Compared to thermodynamic stability, amyloid formation kinetics appears to be much more challenging to model from primary sequence alone. Our understanding of the complexity of amyloid growth kinetics continues to evolve. Spontaneous amyloid formation initially depends on a primary nucleation event. To the extent that the kinetic nucleus resembles the final amyloid structure, we might expect that kinetics of formation, like the thermodynamic stability, will depend on how well the amyloidogenic sequence packs into the fibril core structure. While nucleus stability is expected to contribute to the spontaneous aggregation rate, however, there are clearly many other factors that determine nucleation efficiencies and rates.

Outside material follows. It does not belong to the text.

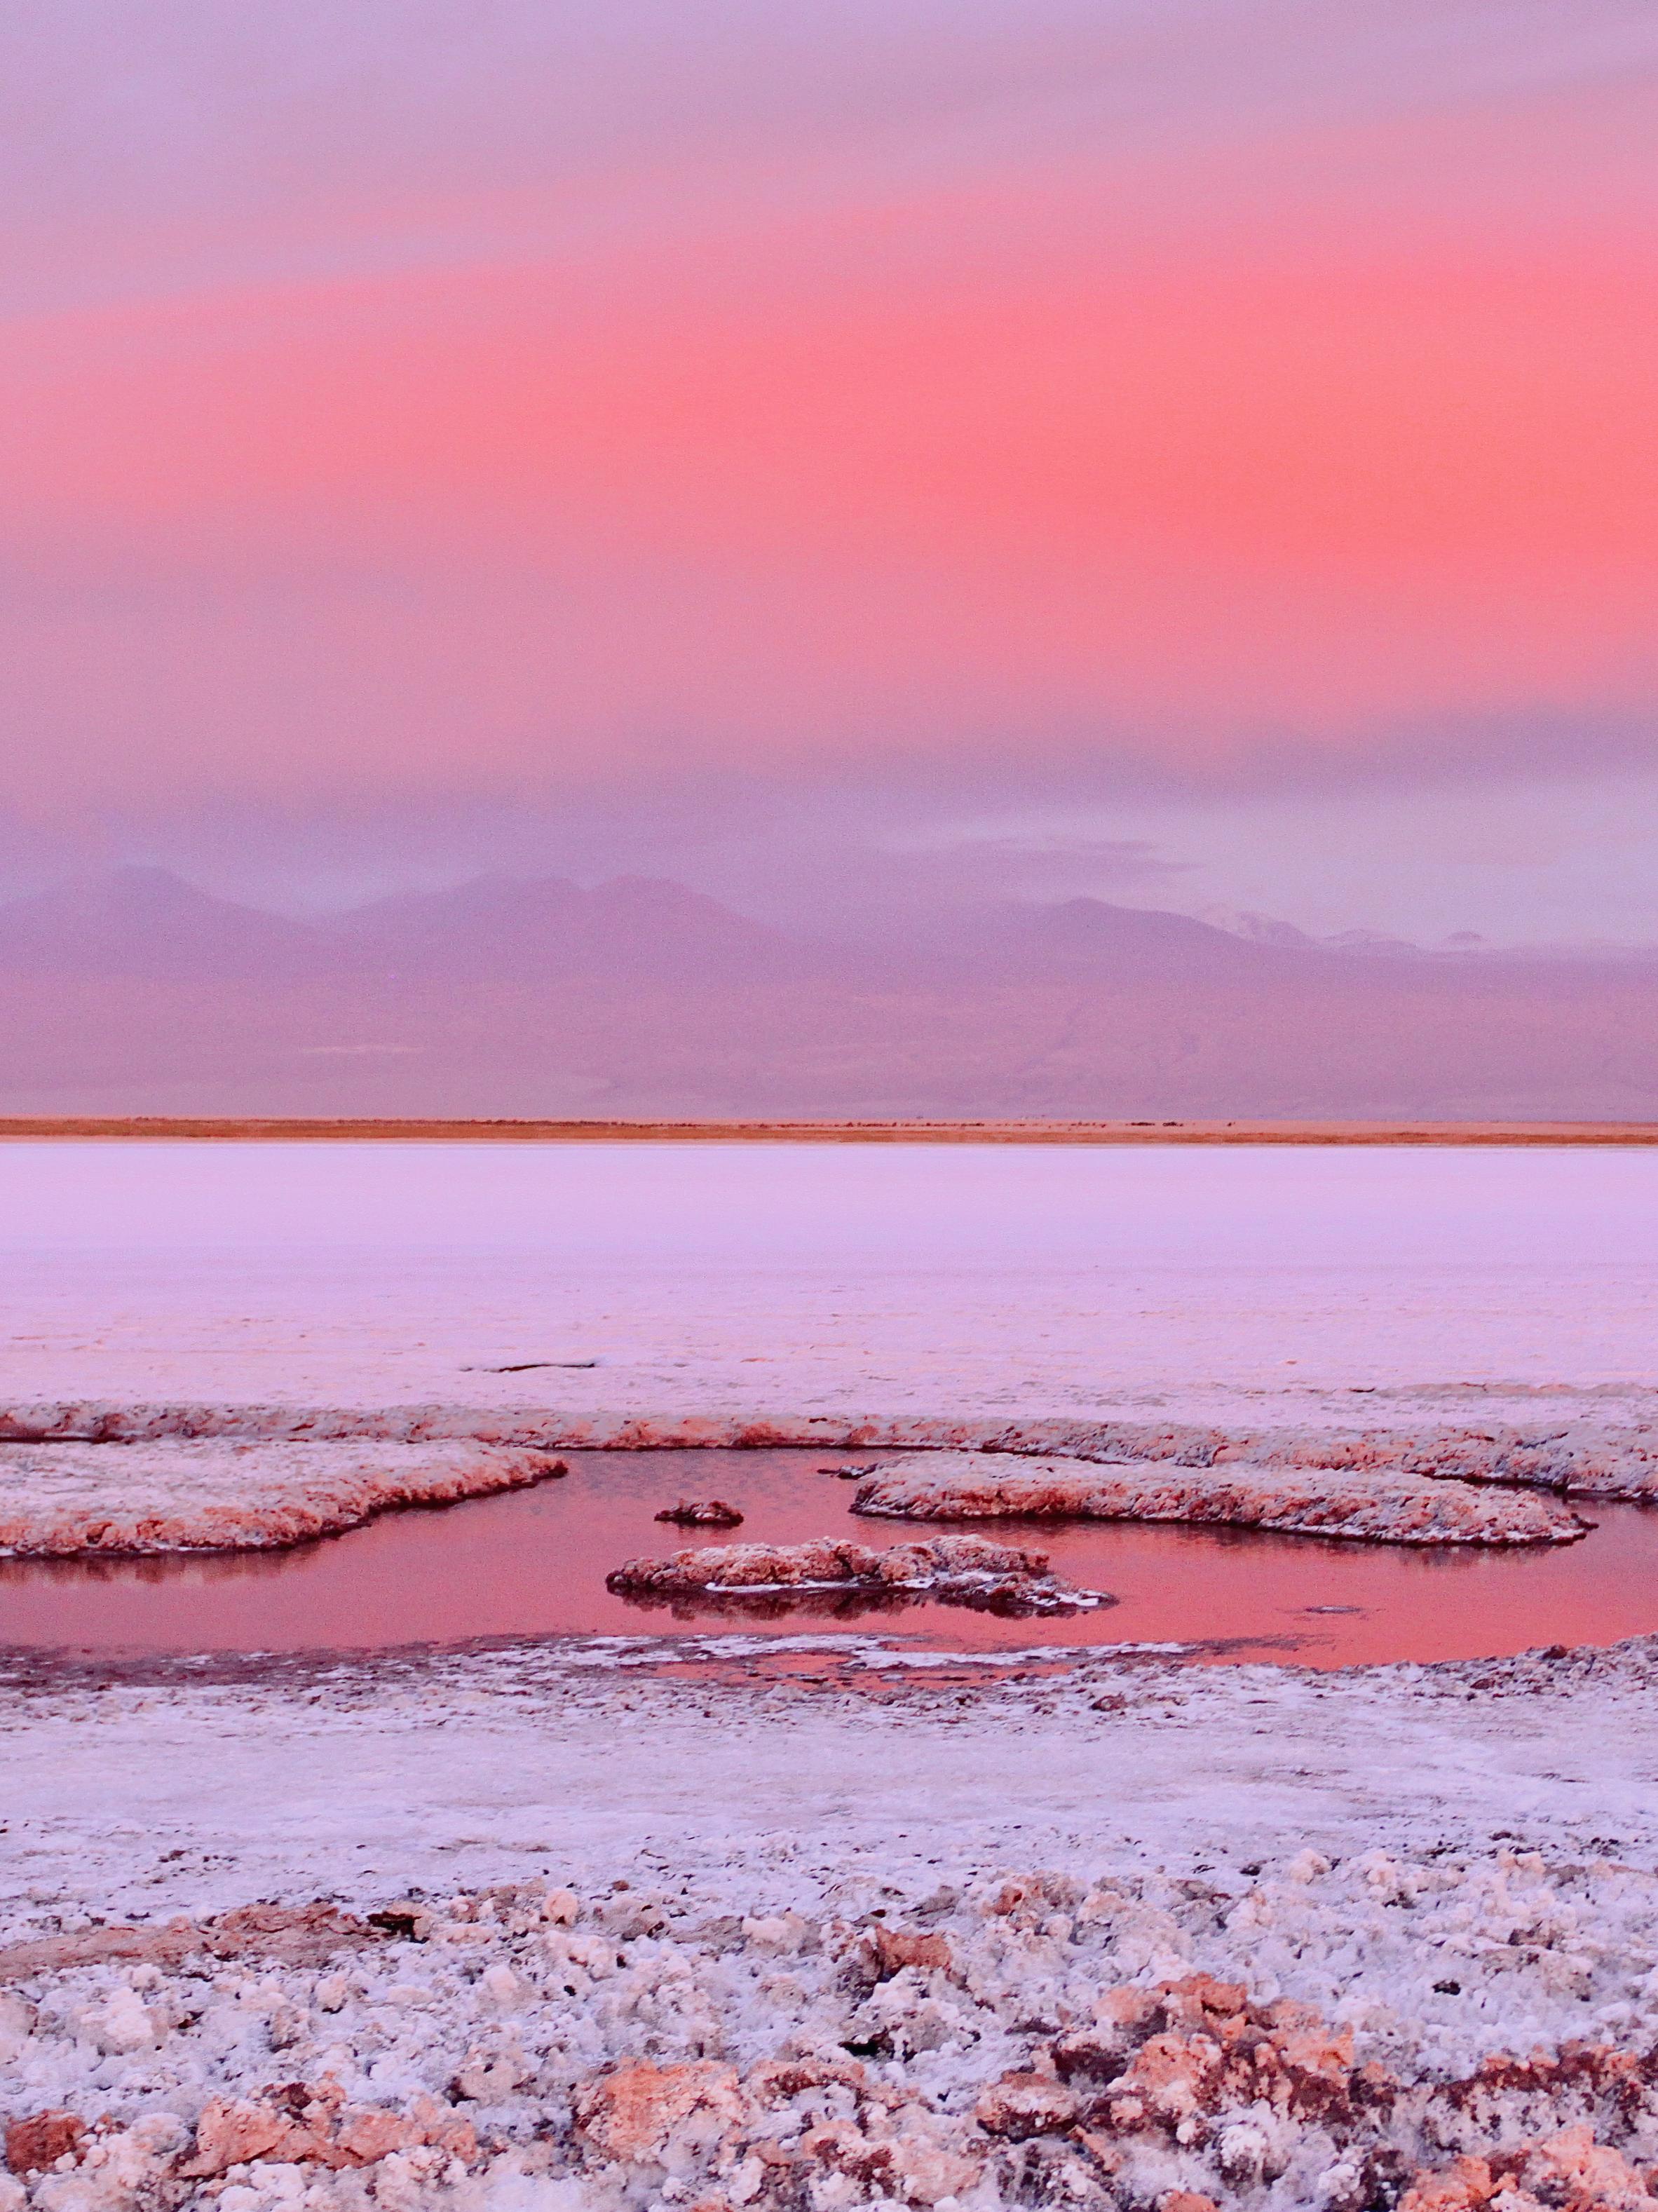 Atacama Desert at sunset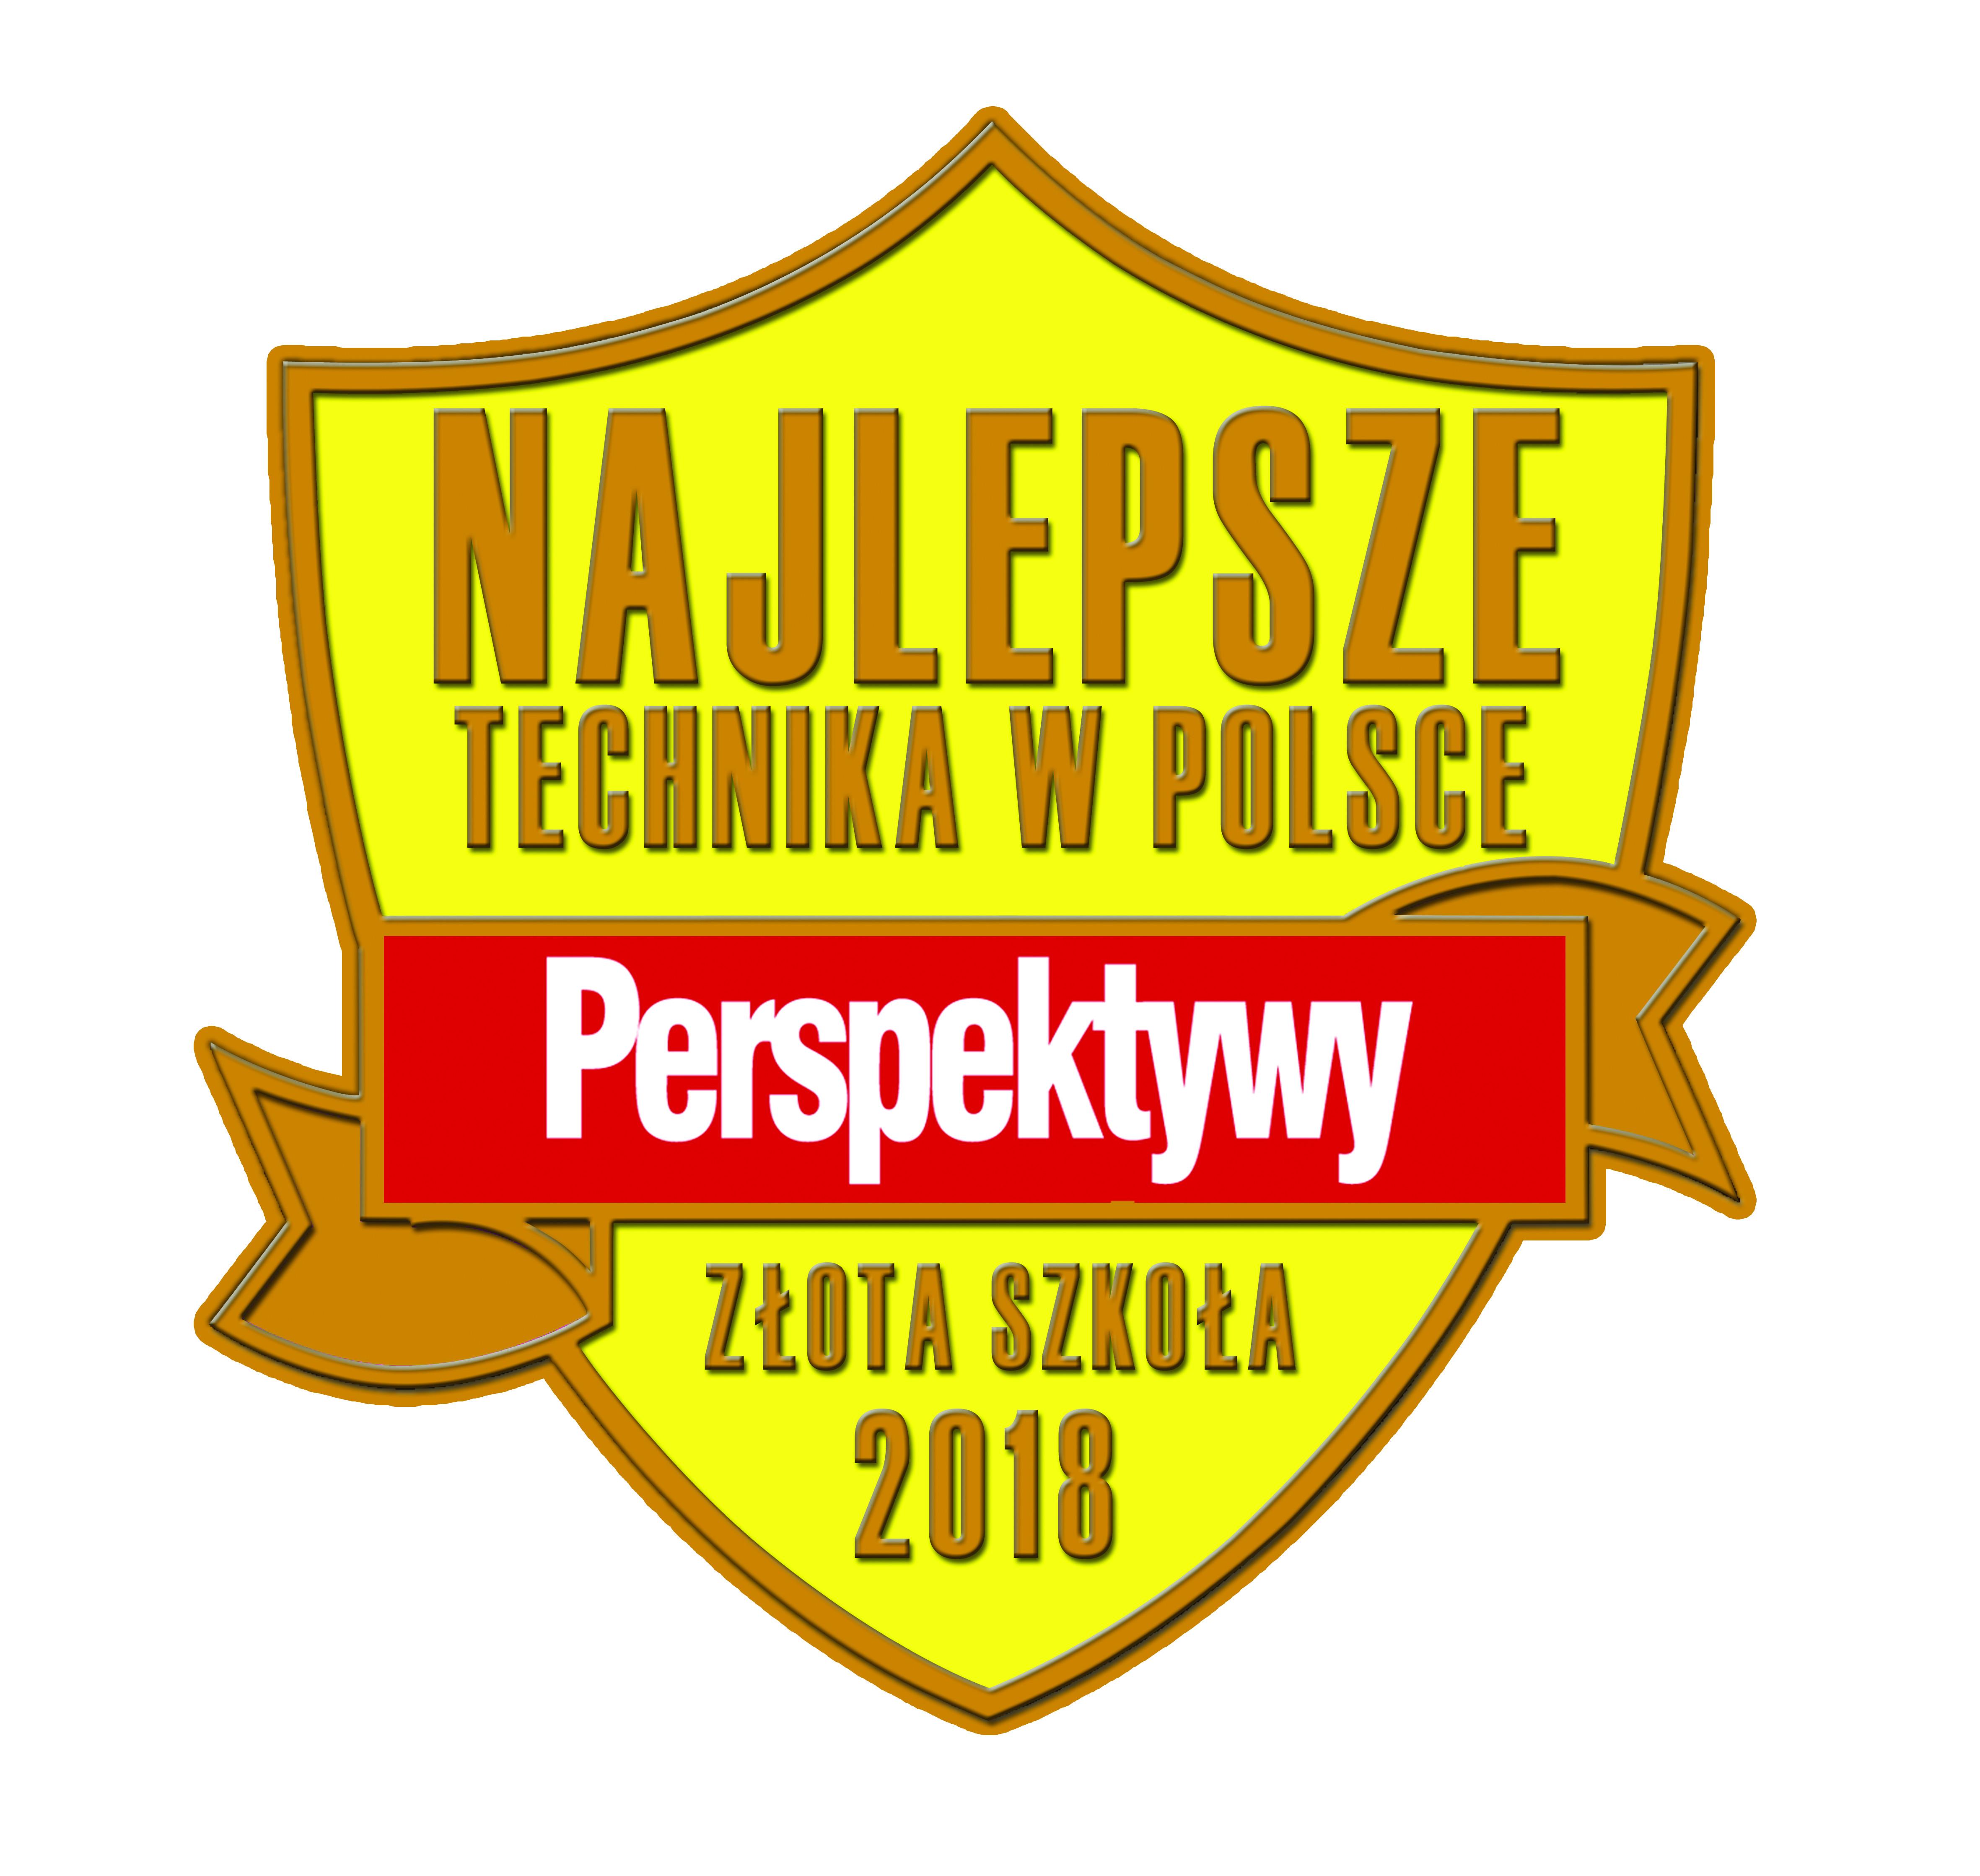 Fundacja Edukacyjna 'Perspektywy' potwierdza, że  TECHNIKUM NR 1 W ZESPOLE SZKÓŁ IM. WŁADYSŁAWA SZYBIŃSKIEGO w Cieszynie  jest wśród 300 najlepszych techników w Polsce sklasyfikowanych w Rankingu Szkół Ponadgimnazjalnych PERSPEKTYWY 2018 i przysługuje mu tytuł 'Złotej Szkoły 2018'.

For example, nucleation mechanisms can vary dramatically. In some cases, nucleation simply depends on productive assembly of a nucleus from a pool of monomers32, as described in the general thermodynamic model of nucleated polymerization33. In contrast, in many other cases, the appearance of amyloid fibrils is preceded by the appearance of a variety of oligomeric aggregates, any one of which might serve as either the phase within which nucleation occurs23,34 or as an inert phase that potentially could negatively impact nucleation and growth by decreasing the effective monomer concentration. Depending on the nucleation mechanism, the concentration dependence of spontaneous aggregation rates will also vary21,32.

Another little appreciated component of amyloid nucleation is the second order rate constant for elongation. In the thermodynamic model of nucleation, nuclei arise from the ground state monomer in a highly unfavorable reversible equilibrium33. Without a robust elongation rate, those nuclei that transiently arise will not successfully engage an elongation cycle, but rather will collapse back into the ground state monomer ensemble. Thus, elongation rate not only impacts the rates of growth of existing fibrils, but also can impact the efficiencies with which nuclei are stabilized and become committed to fibril formation. This critical elongation rate depends on several factors. First, it depends on the concentration of elongation competent monomers in the ensemble. If the monomer is an intrinsically disordered protein35 that divides its time in solution between several conformations, some of which are elongation competent and some of which are not3638, then the ability of the monomer pool to facilitate nucleation by elongation will be diminished accordingly. In addition, the “dock-and-lock” kinetics of this process involves several microscopic rates and equilibria39, and presumably is potentially as complex and idiosyncratic as any protein folding reaction40.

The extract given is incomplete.